‘Do as they do, not as they say’ – Why Central Banks Are Buying Gold

Central banks, particularly in a post GFC hyper financialised world have become the masters of the financial universe. Never before have markets hung off every word, every poignant pause, every action of the US Fed, BoJ, ECB, etc. Why? Simply because the debt pile is so egregious, so perverse and, in the words of the very head of the US Fed, so “unsustainable”, that we have become reliant on central banks to maintain an ample enough supply of new liquidity to service that debt and stop the whole Fiat house of cards imploding.

They are now in an untenable situation, caught between an inflation/hot market rock and a debt servicing hard place. Keep rates high and quantitative tightening and the debt servicing becomes impossible with all liquidity sucked out of the market. Drop rates and turn to some form of QE (money printing) now and risk inflation spiralling again and even more money into a very toppy looking tech sector.

Their mantra is ‘all good, nothing to see here, move along’…. ‘we’ve got this’…..

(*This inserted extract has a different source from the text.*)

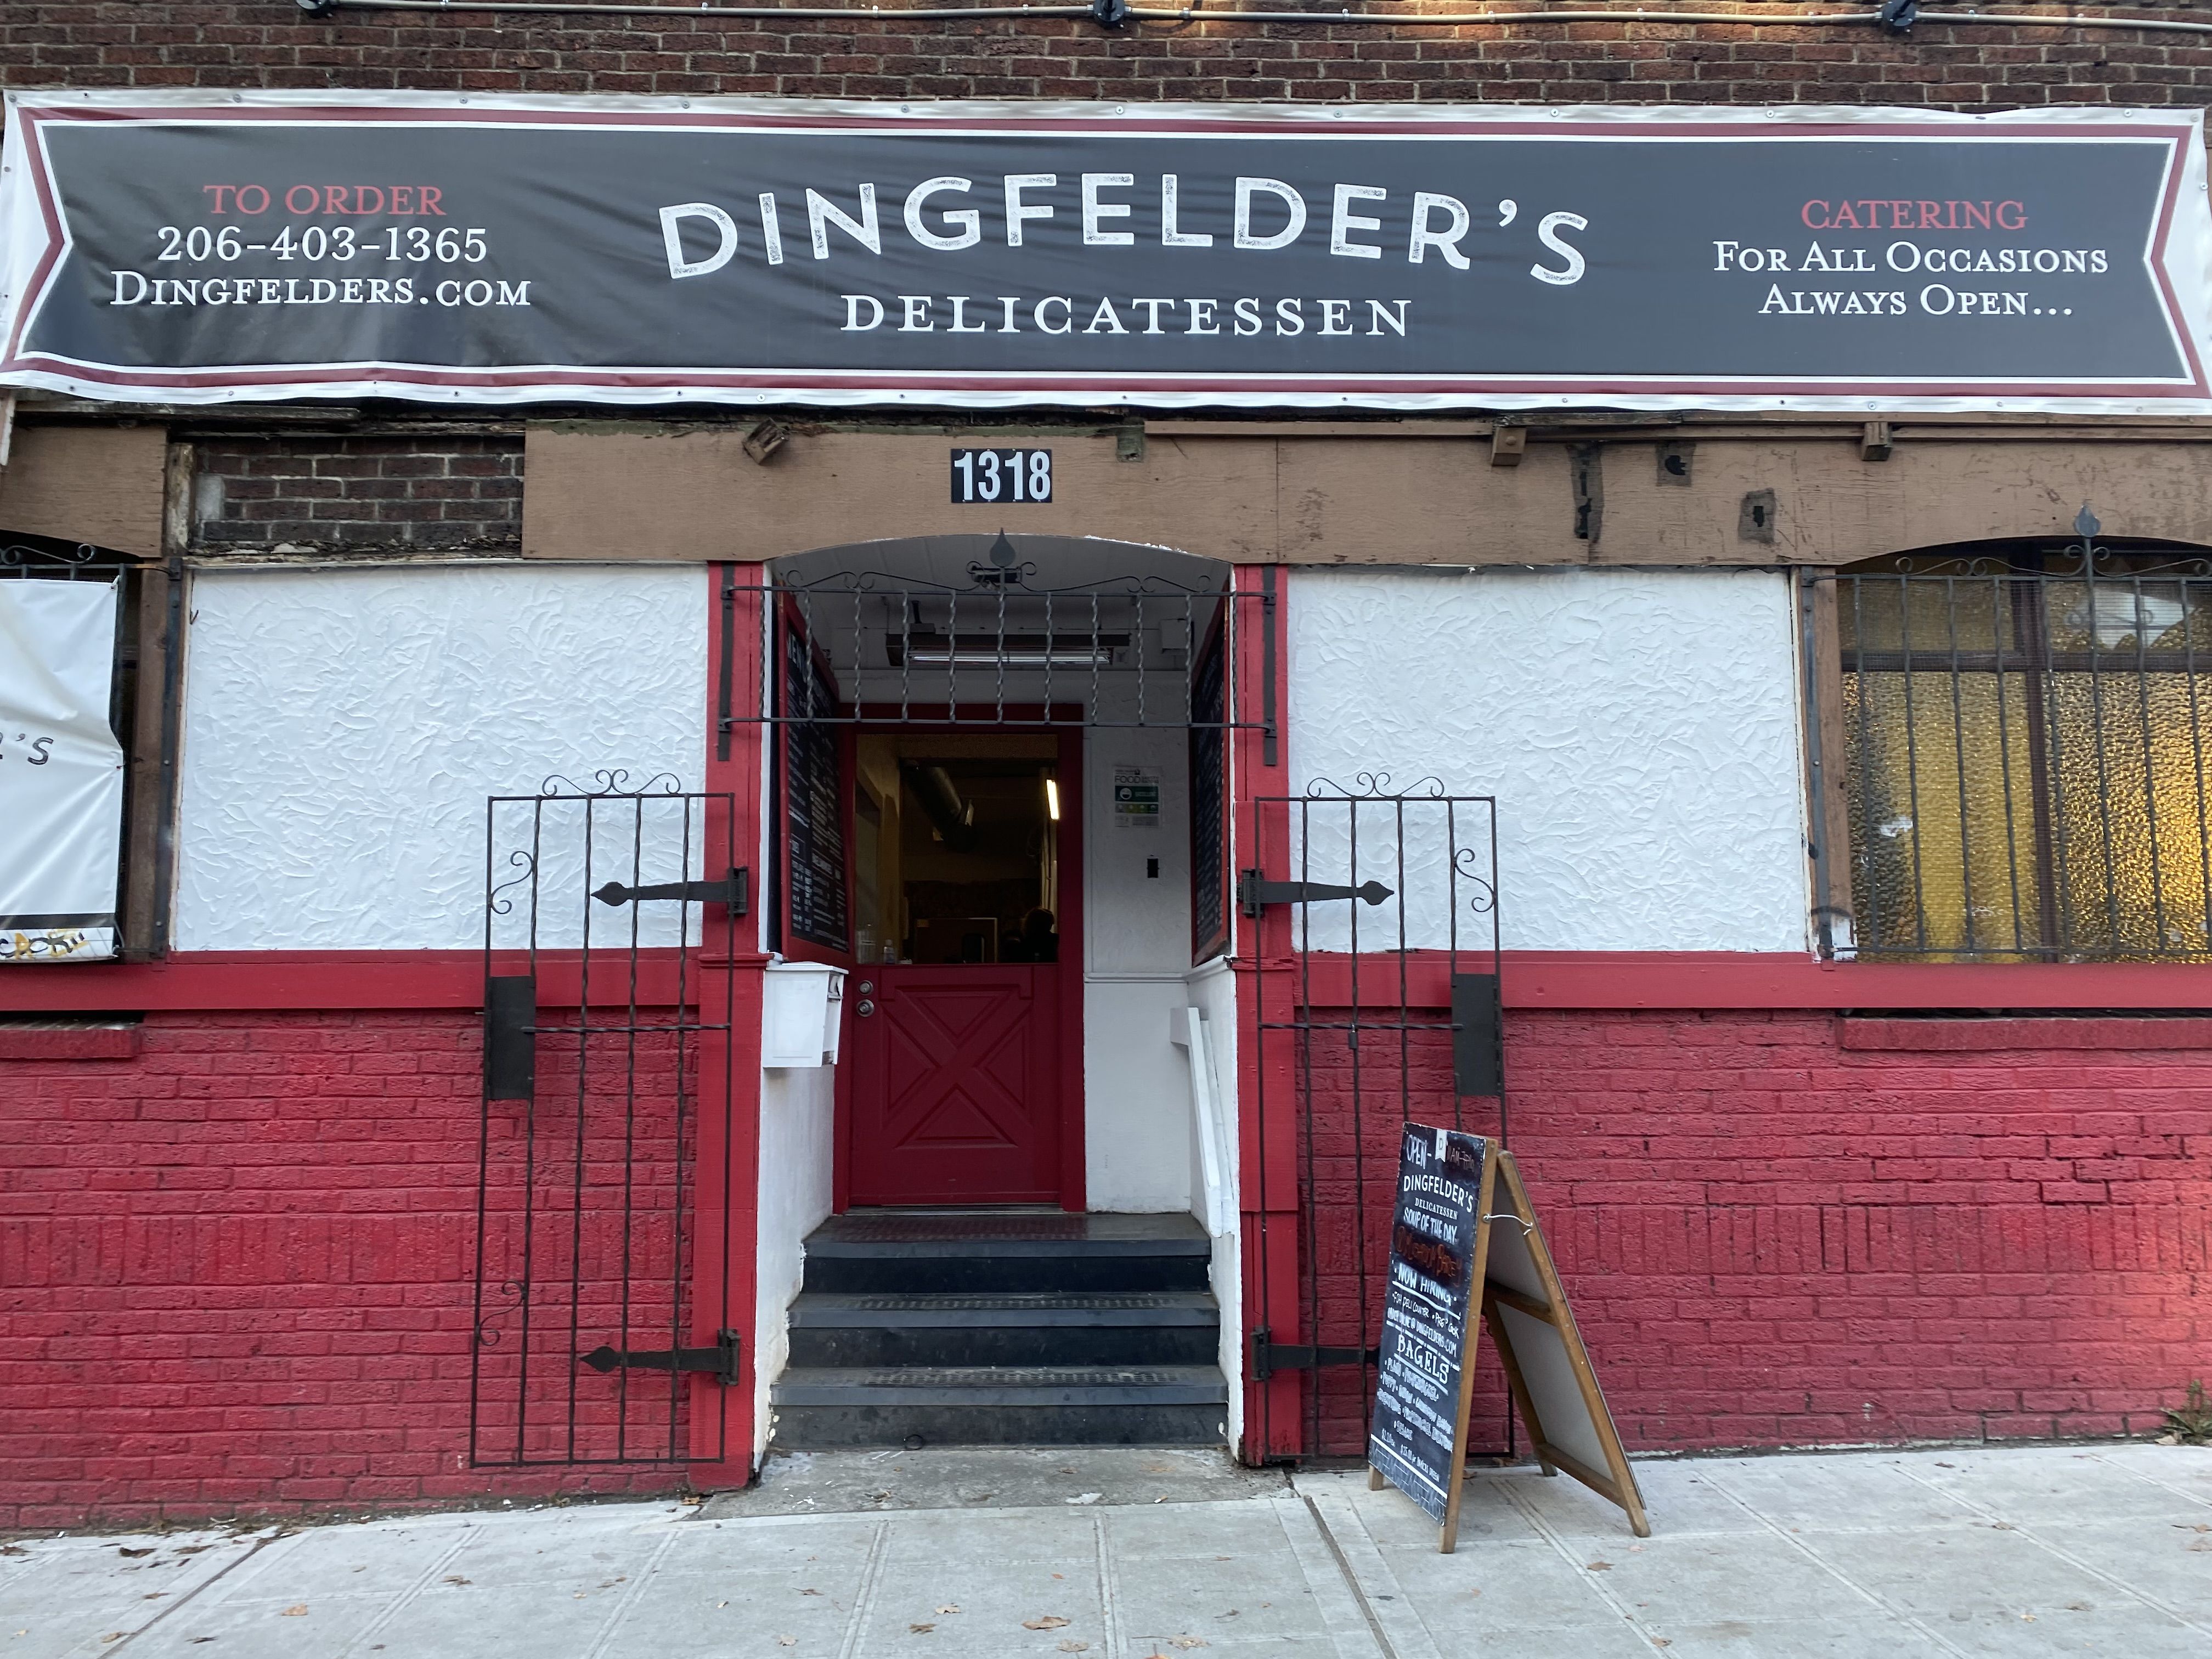 A view of a storefront with a sign that says "Dingfelder's" overhead, and a sandwich board on the sidewalk.

On no traditional assessment should gold be at all time highs right now. Rates are high, and more importantly real rates are high, and yet these traditional headwinds have seemingly done nothing to hold gold back. So why are we at all time highs and strong conviction to this being just the START of a gold bull market?

Prices are high now because the very same central banks have been MASSIVE buyers of gold in recent years and still going strong. They, quite simply, are looking through this setup and preparing. Bloomberg macro strategist Simon White explains:

“Powell might not be overly worried about inflation - with his recent comments reiterating the Federal Reserve is on track to cut rates this year - but other central banks are not so relaxed. Gold’s new high signals global central banks are likely accumulating the precious metal in an effort to diversify away from the dollar, as persistently large fiscal deficits threaten to further erode its real value and lead to more inflation.

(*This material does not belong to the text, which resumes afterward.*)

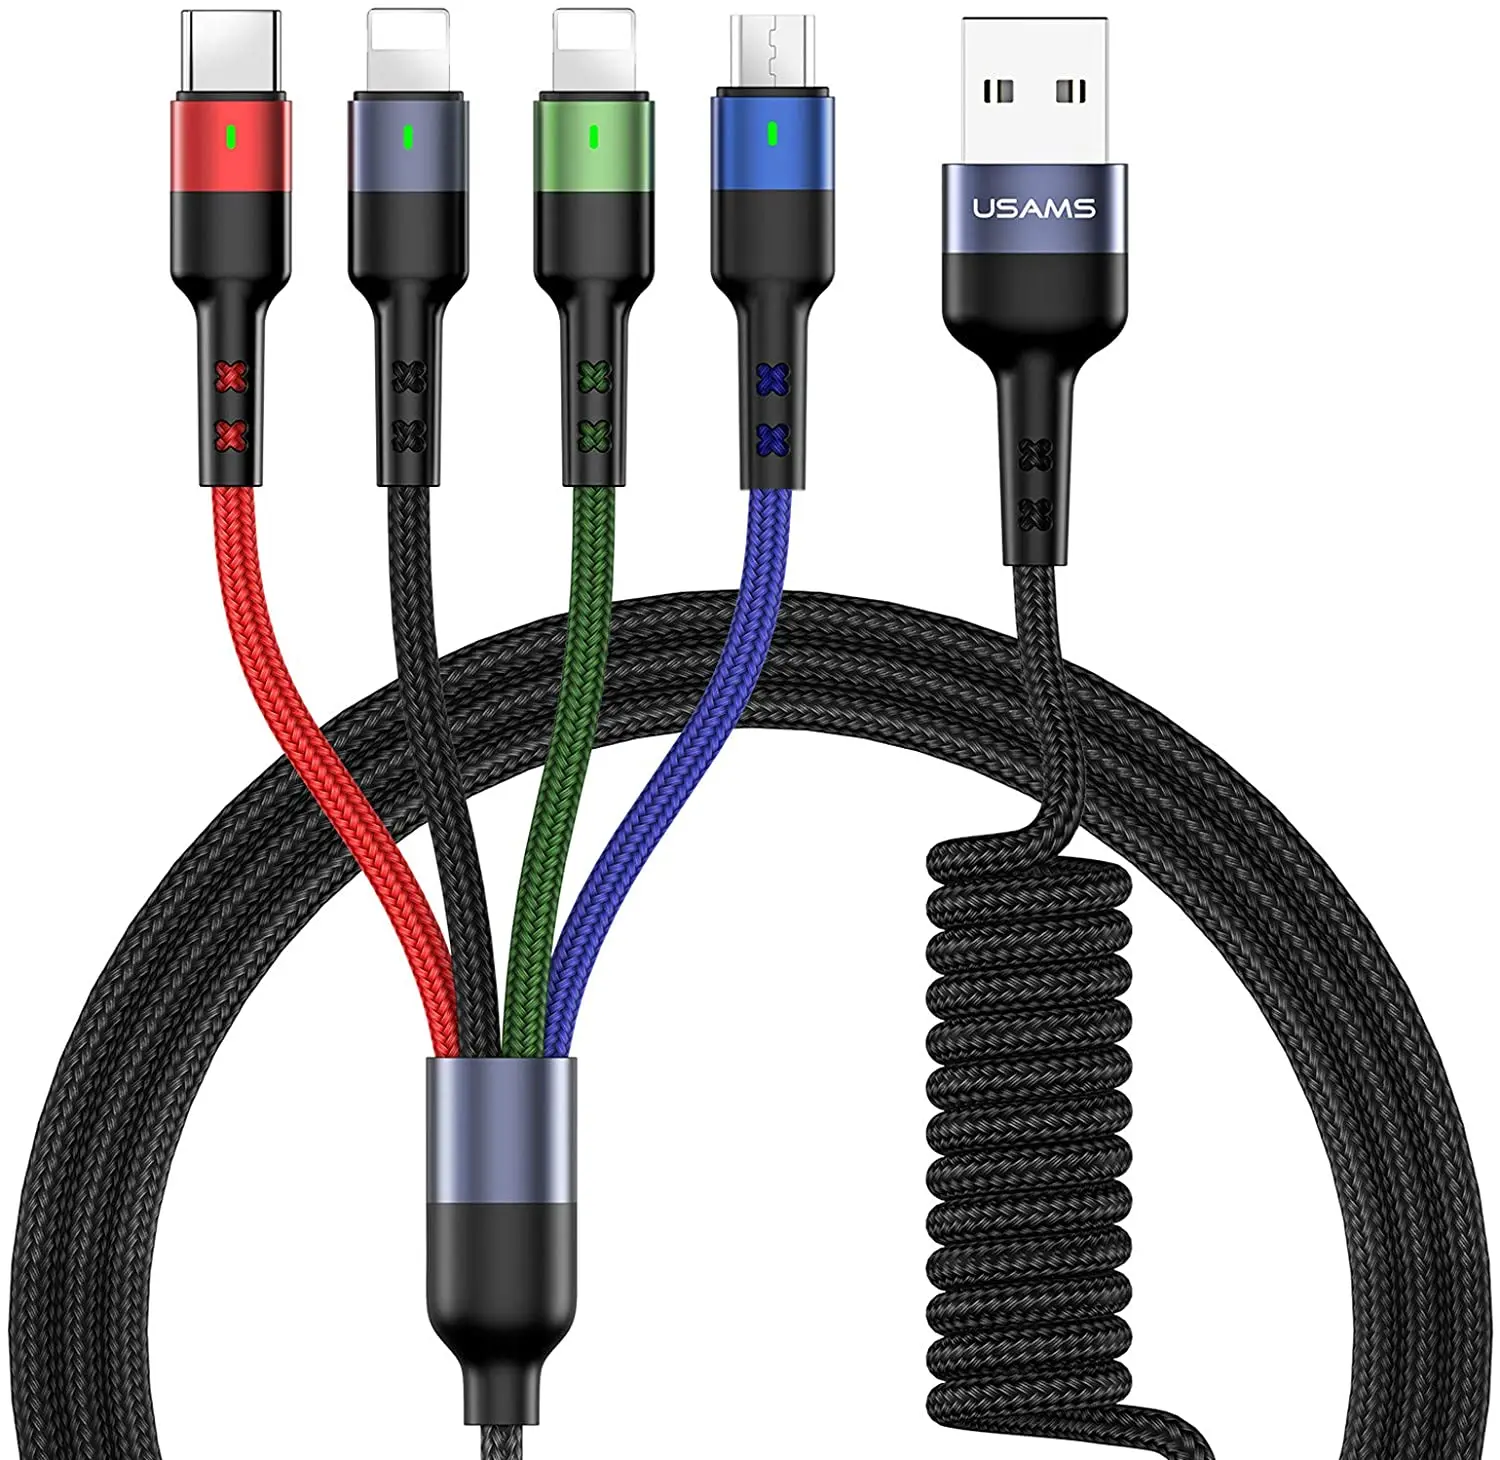 

USAMS Wholesale US-SJ349 Aluminum Alloy 2A 4IN1 Spring Braided 1.5m Charging USB Cable, Black

Gold’s move in recent days has been broad as well as pronounced (as well as hinted at by low gold vol), with the precious metal making 50-year highs versus three-quarters of major DM [developed market] and EM [emerging market] currencies. The biggest holdings of gold after jewellery are for private investment - ETFs, bars and coins - followed by central banks’ official reserve holdings.

In recent years the swing buyers have been ETFs, which hold about 2,500 tonnes of gold. But ETF holdings have been falling even as the dollar price of gold has been rising.”

Gold rallying despite ETF investors selling

“The dollar has been stable and real yields (which anyway have a non-linear relationship with gold) are higher over the last three months. The bulk of seasonal buying, for instance Diwali in India, is likely behind us. Further, silver has not participated in the rise. It’s therefore a reasonable supposition the official sector, i.e. central banks, has been a significant driver of gold’s recent ascent to new highs.

In the runup to the pandemic, and again in the aftermath of Russia’s invasion of Ukraine, global central banks have continued to add to their gold holdings even as ETF investors (perhaps dazzled by the bright lights of crypto) have reduced theirs.”

Central banks buying gold while investors sell it

“Over the last six months, China, Germany and Turkey have increased their gold holdings by the most (these are official holdings - when it comes to China, its true holdings are likely much higher than stated).

Central banks want gold as it is a hard asset, not part of the financialized system when owned outright. But the dominant reason is a desire to diversify away from the dollar. If you’re not on friendly terms with the US, then it is a way to avoid your reserve assets being seized, as happened to Russia.

But central banks everywhere are quite possibly uneasy about owning too many dollars when the US is running large, inflation-causing fiscal deficits. The dollar is structurally overvalued on a purchasing-power-parity basis versus the main DM currencies. As the chart below shows, this points to dollar underperformance in the coming years.”

Are central banks getting out of USD while going is good?

“Investors in gold ETFs may not see much risk from inflation and to the dollar, but central bankers are signaling very much the opposite.”

As we discussed this week and in our last Ainslie Research: Macro & Global Liquidity Analysis update, gold is an each way bet on how the current disconnect between the Fed Funds Rate (FFR) and US Treasuries yield plays out. The current FFR minus US CPI equation, being real rates, is completely incongruous with gold at this price. The smart money and the very controllers of this globally, are looking through this narrative and buying up big.

@LukeGromen tweet of Gold price and 10yr TIPS yield

Don’t do as they say, so as they do.  The writing is so clearly on the wall.